The JSONable dictionary returned by the `info()` methods contains all of the data that the TikTok API returns. We have provided helper functions to parse that data into Pandas DataFrames, `utils.get_comment_df()`, `utils.get_video_df()` and `utils.get_user_df()` for the data from comments, videos, and users respectively.

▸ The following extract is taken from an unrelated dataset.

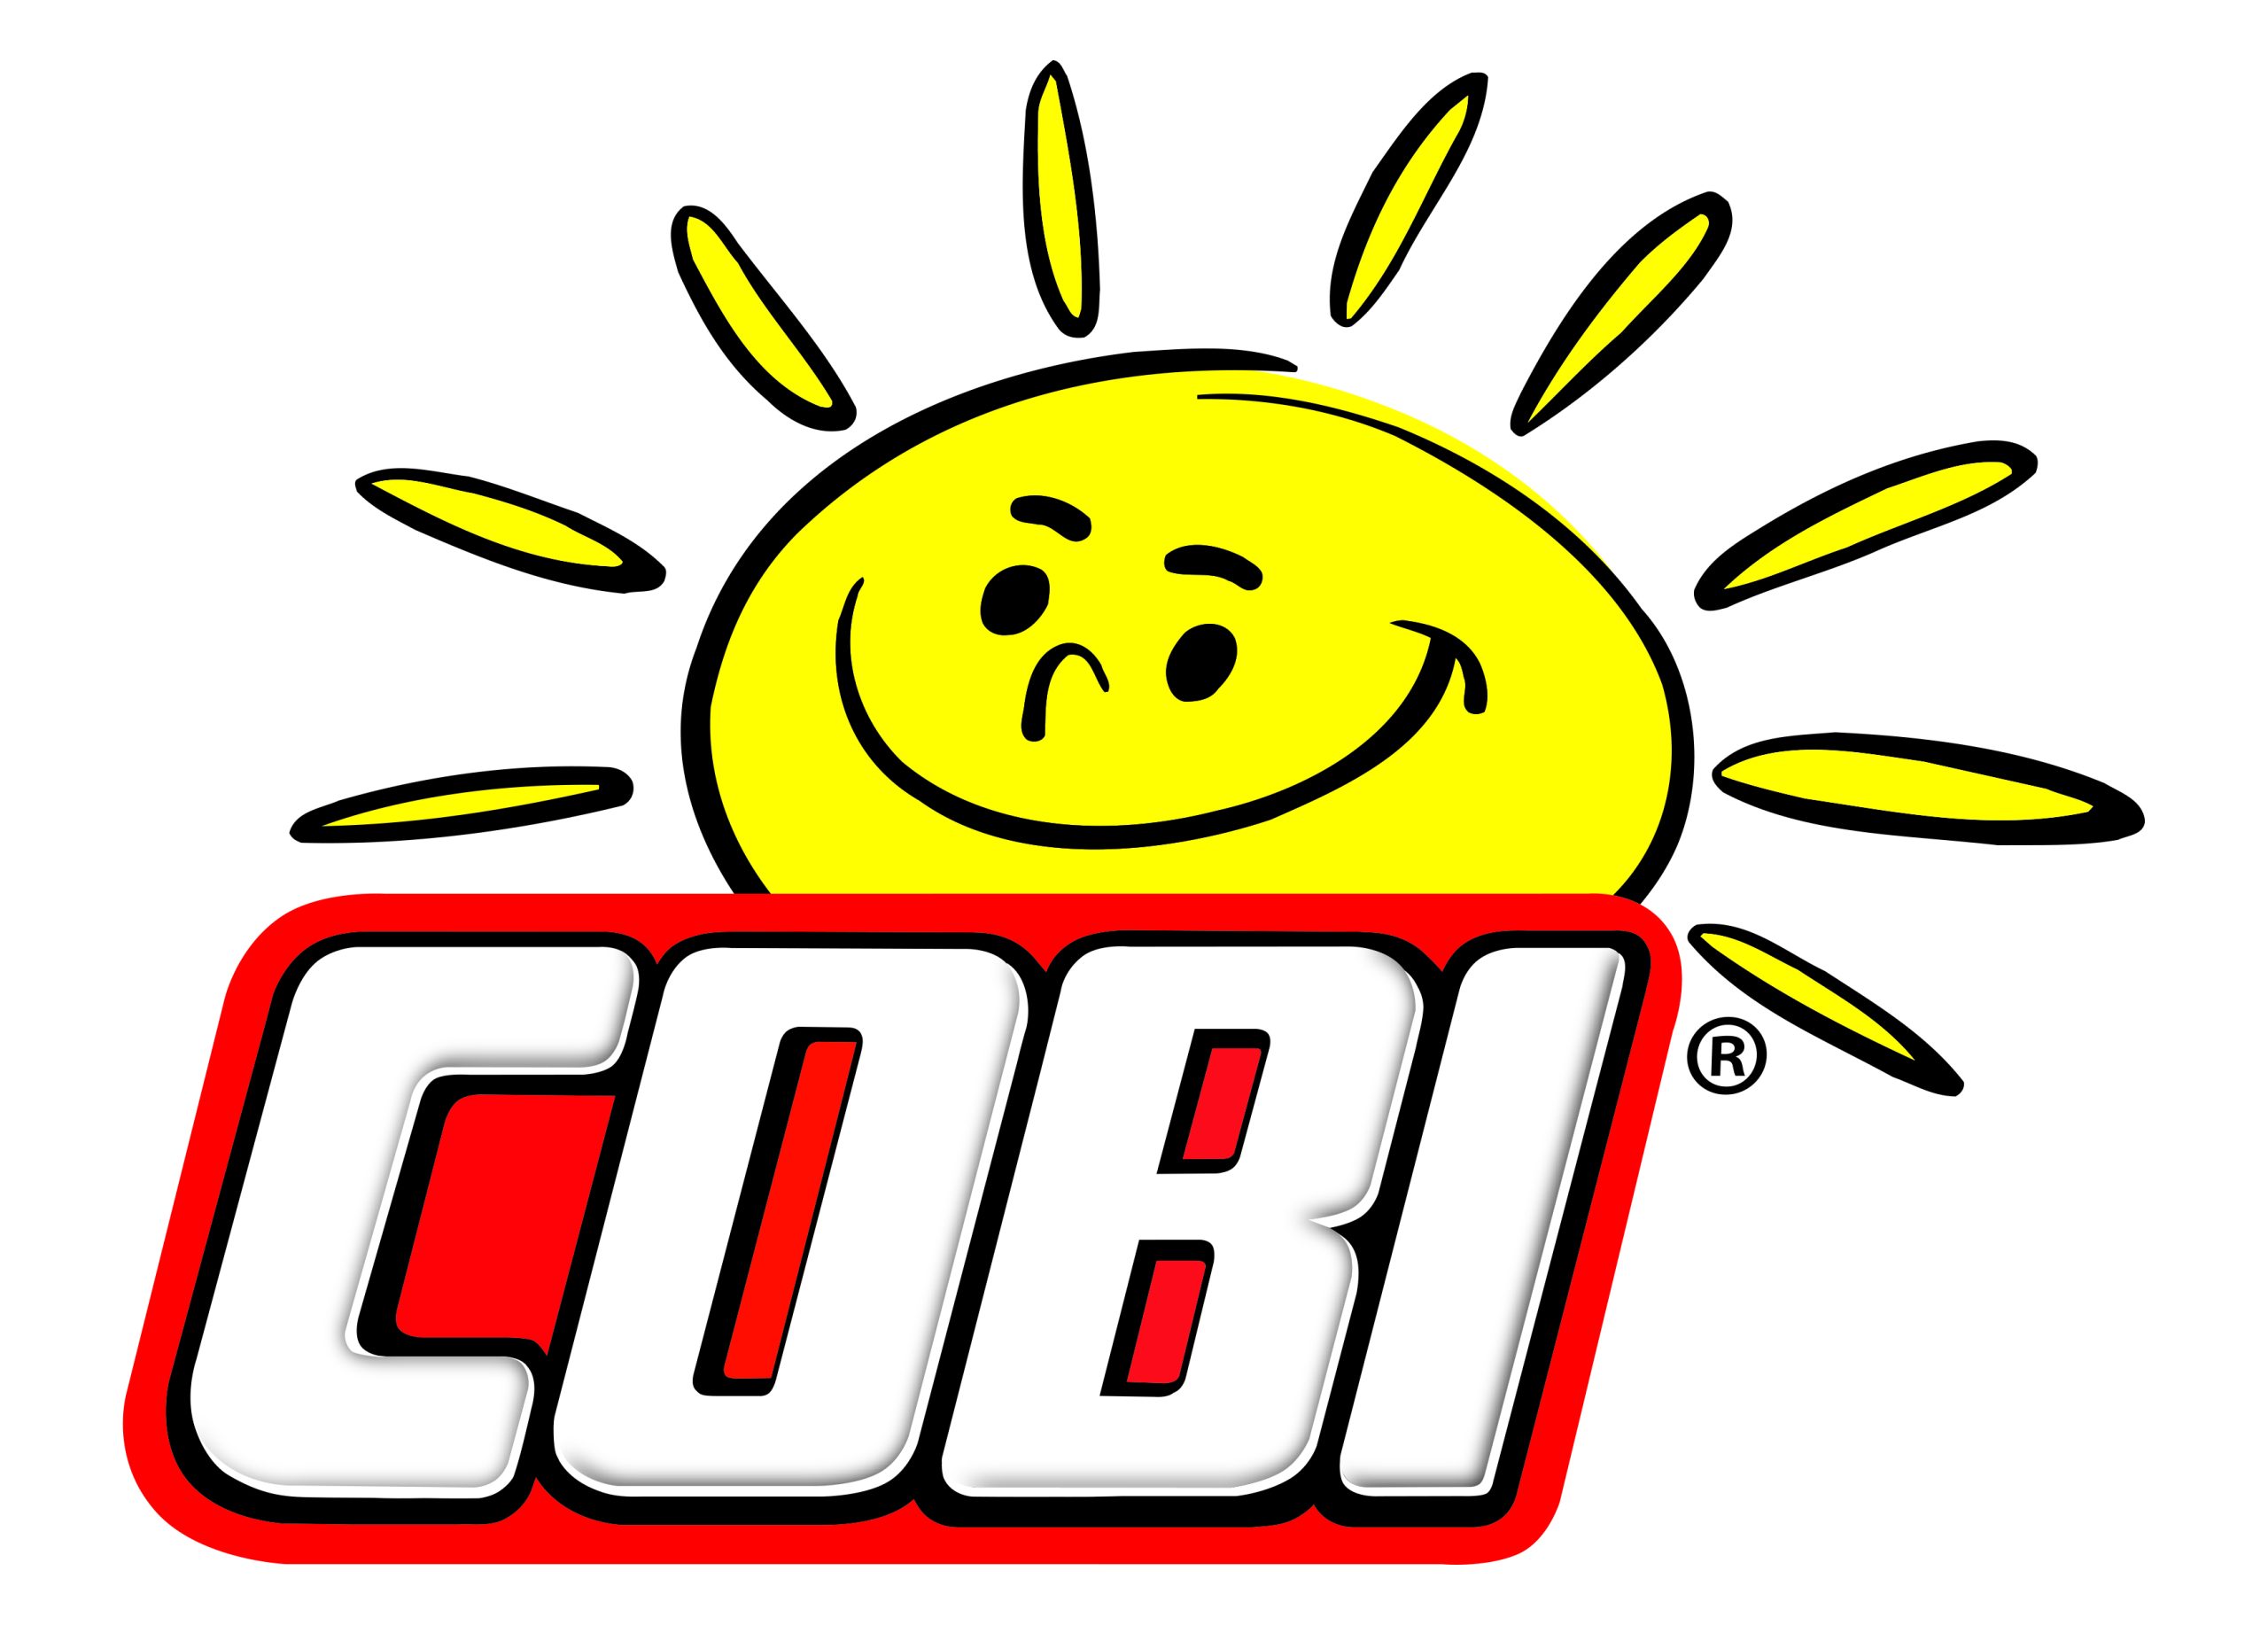 Logo Cobi

The video dataframe will contain the following columns:
|Field name | Description |
|----------|----------|
|`video_id`| Unique video ID |
|`createtime`| UTC datetime of video creation time in YYYY-MM-DD HH:MM:SS format |
|`author_name`| Unique author name |
|`author_id`| Unique author ID |
|`desc`| The full video description from the author |
|`hashtags`| A list of hashtags used in the video description |
|`share_video_id`| If the video is sharing another video, this is the video ID of that original video, else empty |
|`share_video_user_id`| If the video is sharing another video, this the user ID of the author of that video, else empty |
|`share_video_user_name`| If the video is sharing another video, this is the user name of the author of that video, else empty |
|`share_type`| If the video is sharing another video, this is the type of the share, stitch, duet etc. |
|`mentions`| A list of users mentioned in the video description, if any |
|`digg_count`| The number of likes on the video |
|`share_count`| The number of times the video was shared |
|`comment_count`| The number of comments on the video |
|`play_count`| The number of times the video was played |

The comment dataframe will contain the following columns:
|Field name | Description |
|----------|-----------|
|`comment_id`| Unique comment ID |
|`createtime`| UTC datetime of comment creation time in YYYY-MM-DD HH:MM:SS format |
|`author_name`| Unique author name |
|`author_id`| Unique author ID |
|`text`| Text of the comment |
|`mentions`| A list of users that are tagged in the comment |
|`video_id`| The ID of the video the comment is on |
|`comment_language`| The language of the comment, as predicted by the TikTok API |
|`digg_count`| The number of likes the comment got |
|`reply_comment_id`| If the comment is replying to another comment, this is the ID of that comment |

The user dataframe will contain the following columns:
|Field name | Description |
|----------|-----------|
|`id`| Unique author ID |
|`unique_id`| Unique user name |
|`nickname`| Display user name, changeable |
|`signature`| Short user description |
|`verified`| Whether or not the user is verified |
|`num_following`| How many other accounts the user is following |
|`num_followers`| How many followers the user has |
|`num_videos`| How many videos the user has made |
|`num_likes`| How many total likes the user has had |
|`createtime`| When the user account was made. This is derived from the `id` field, and can occasionally be incorrect with a very low unix epoch such as 1971 |